Last modified: Nov 10, 2024 By Alexander Williams
Python: Convert CSV Files to Excel Format - Complete Guide
Converting CSV files to Excel format is a common task in data processing. Python offers several powerful libraries to handle this conversion efficiently. In this guide, we'll explore different methods to convert CSV files to Excel format.

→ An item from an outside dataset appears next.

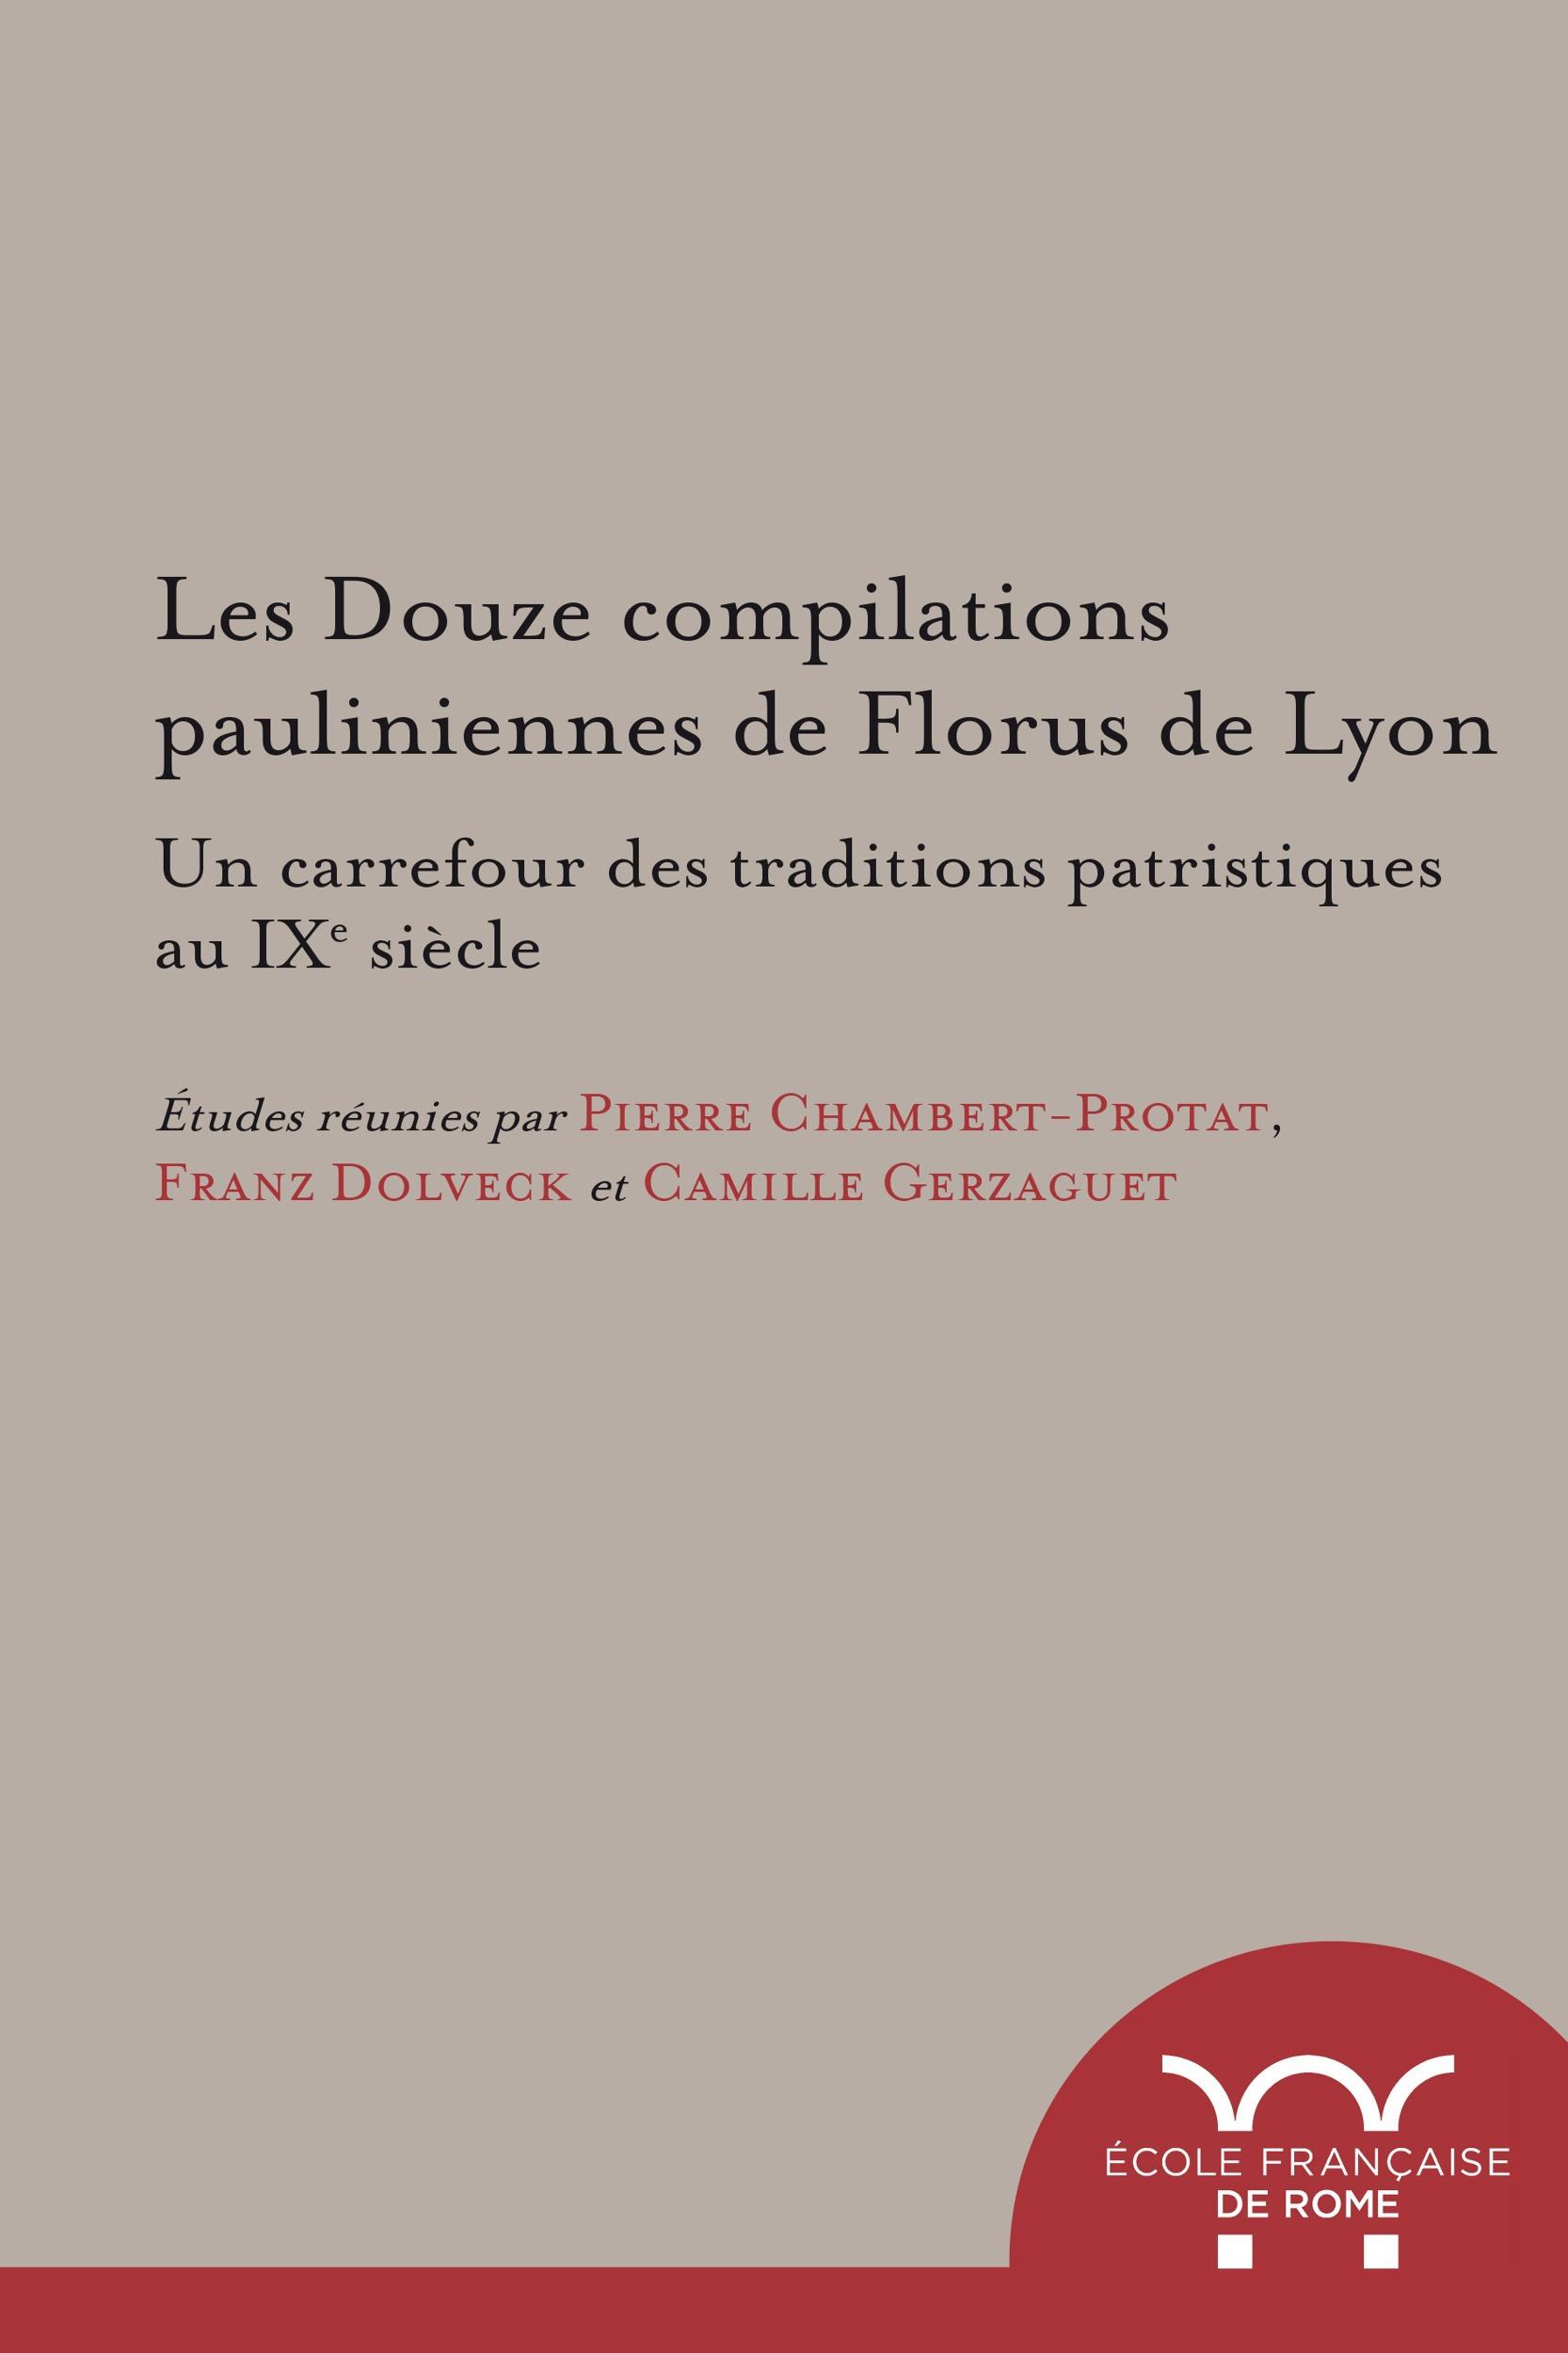 Les douze compilations pauliniennes de florus de lyon : un carrefour des traditi - un carrefour des
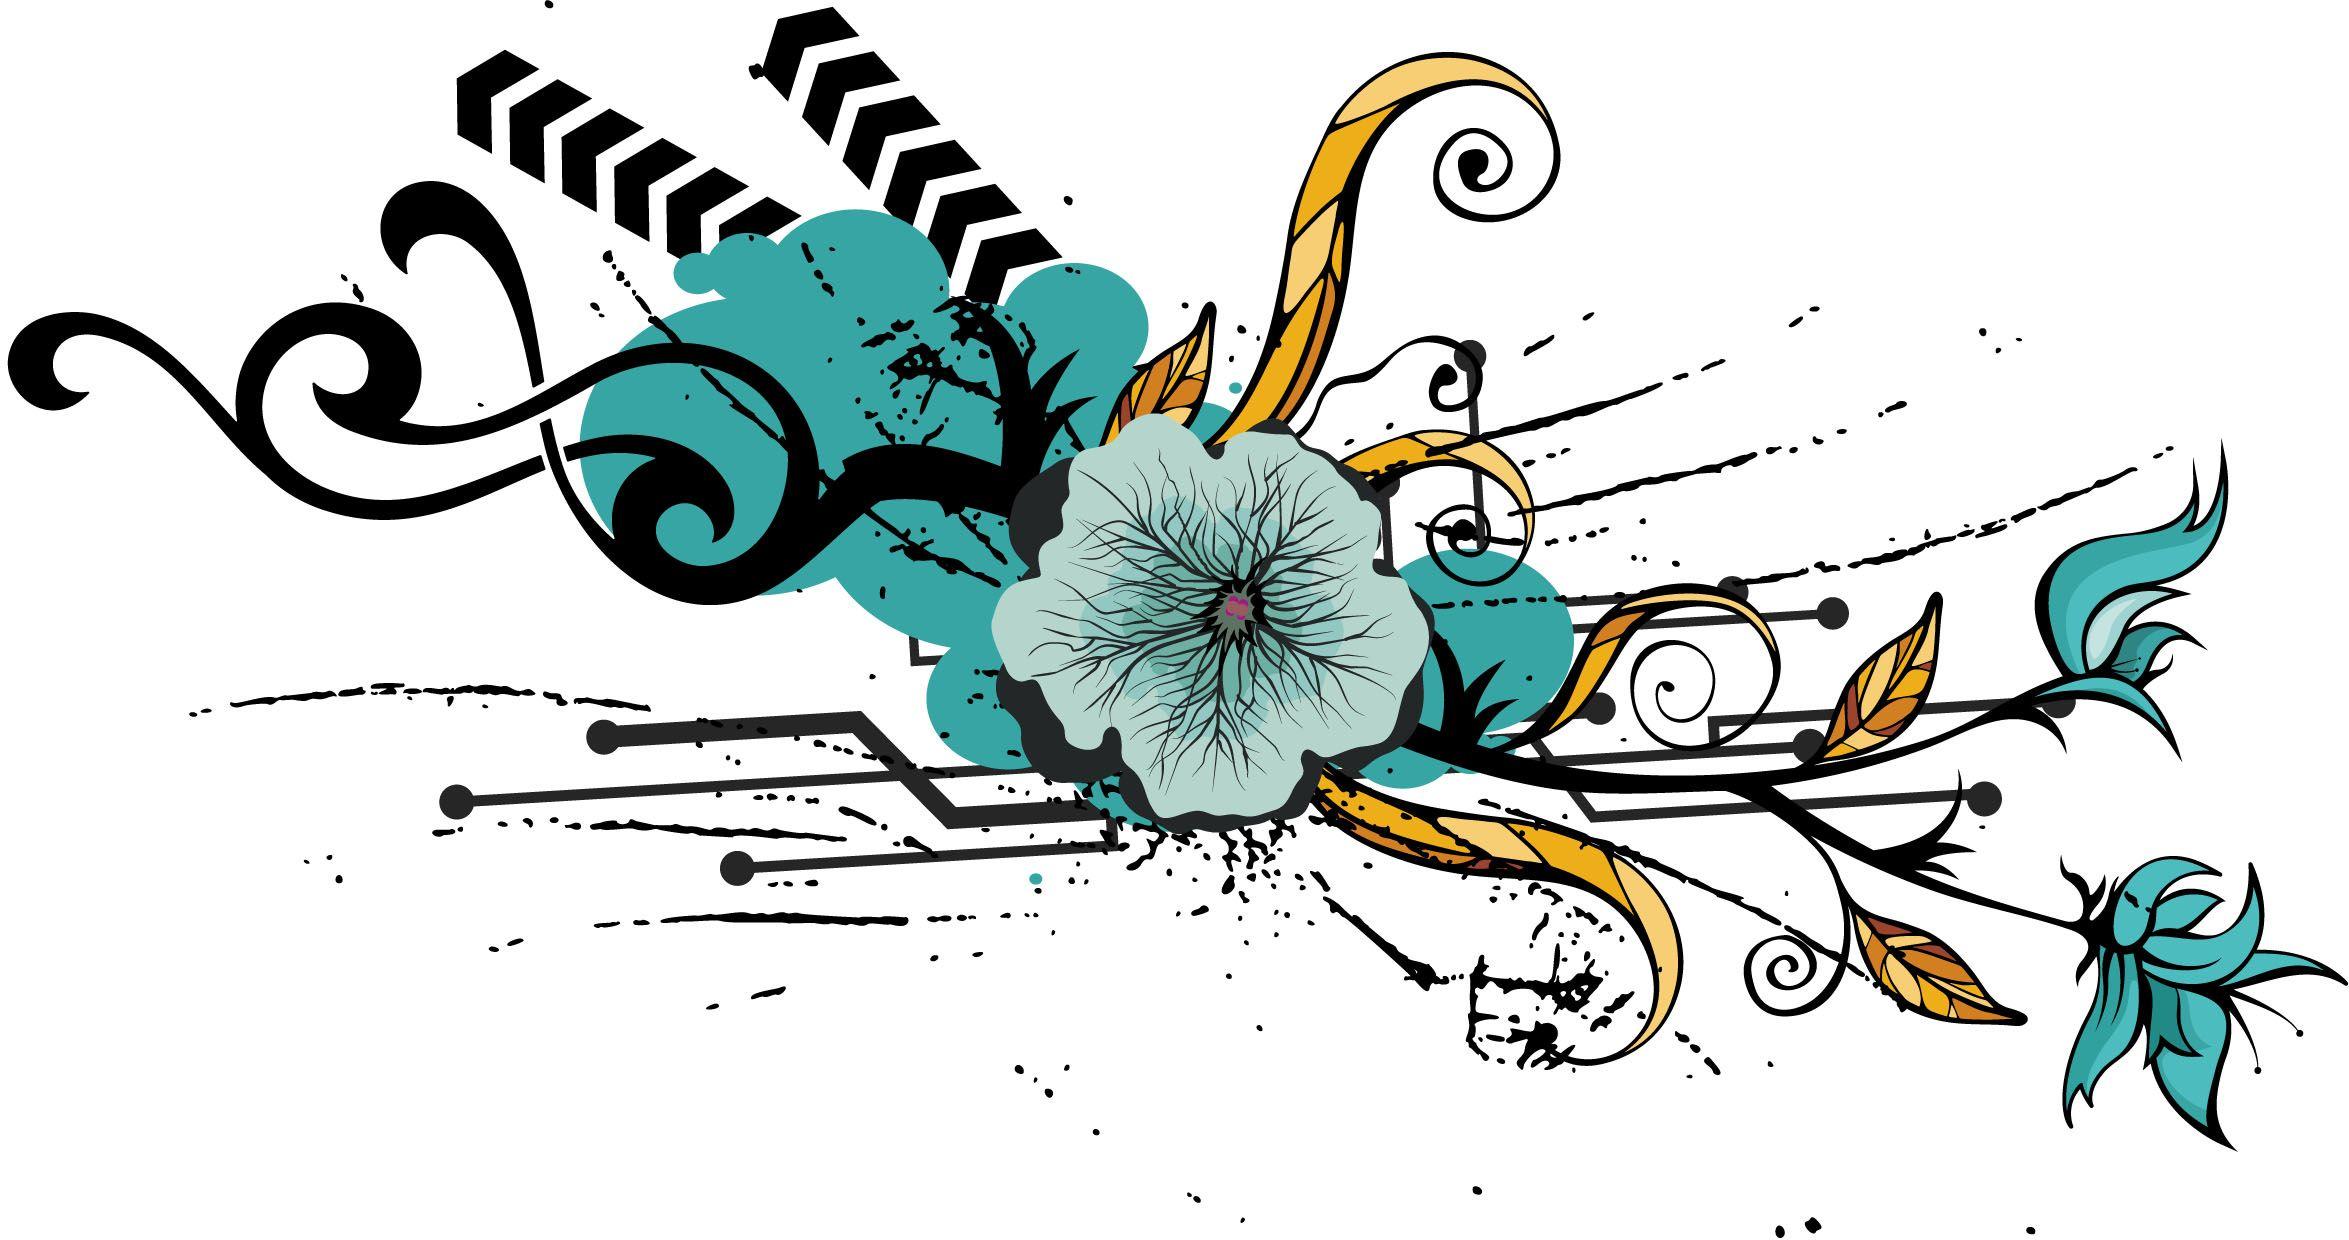 صور زخارف جميلة 2 Hd منتديات درر العراق Art Arabic Calligraphy Animals

Using Pandas for CSV to Excel Conversion
The most straightforward approach is using the pandas
library, which provides robust tools for data manipulation. First, install pandas using pip:
pip install pandas openpyxl
Here's a basic example of converting a CSV file to Excel:
import pandas as pd
# Read CSV file
df = pd.read_csv('input.csv')
# Save as Excel file
df.to_excel('output.xlsx', index=False)
Adding Formatting Options
For more control over the output, you can add formatting options. This is particularly useful when dealing with missing data in CSV files:
import pandas as pd
# Read CSV file
df = pd.read_csv('input.csv')
# Create Excel writer object
with pd.ExcelWriter('output.xlsx', engine='openpyxl') as writer:
df.to_excel(writer, sheet_name='Sheet1', index=False)
# Get workbook and worksheet objects
workbook = writer.book
worksheet = writer.sheets['Sheet1']
# Add formatting
worksheet.column_dimensions['A'].width = 15
worksheet.column_dimensions['B'].width = 20
Handling Multiple Sheets
When working with multiple CSV files, you might want to combine them into a single Excel workbook. This approach is similar to merging multiple CSV files:
import pandas as pd
# Read multiple CSV files
df1 = pd.read_csv('file1.csv')
df2 = pd.read_csv('file2.csv')
# Create Excel writer object
with pd.ExcelWriter('output.xlsx') as writer:
df1.to_excel(writer, sheet_name='Sheet1', index=False)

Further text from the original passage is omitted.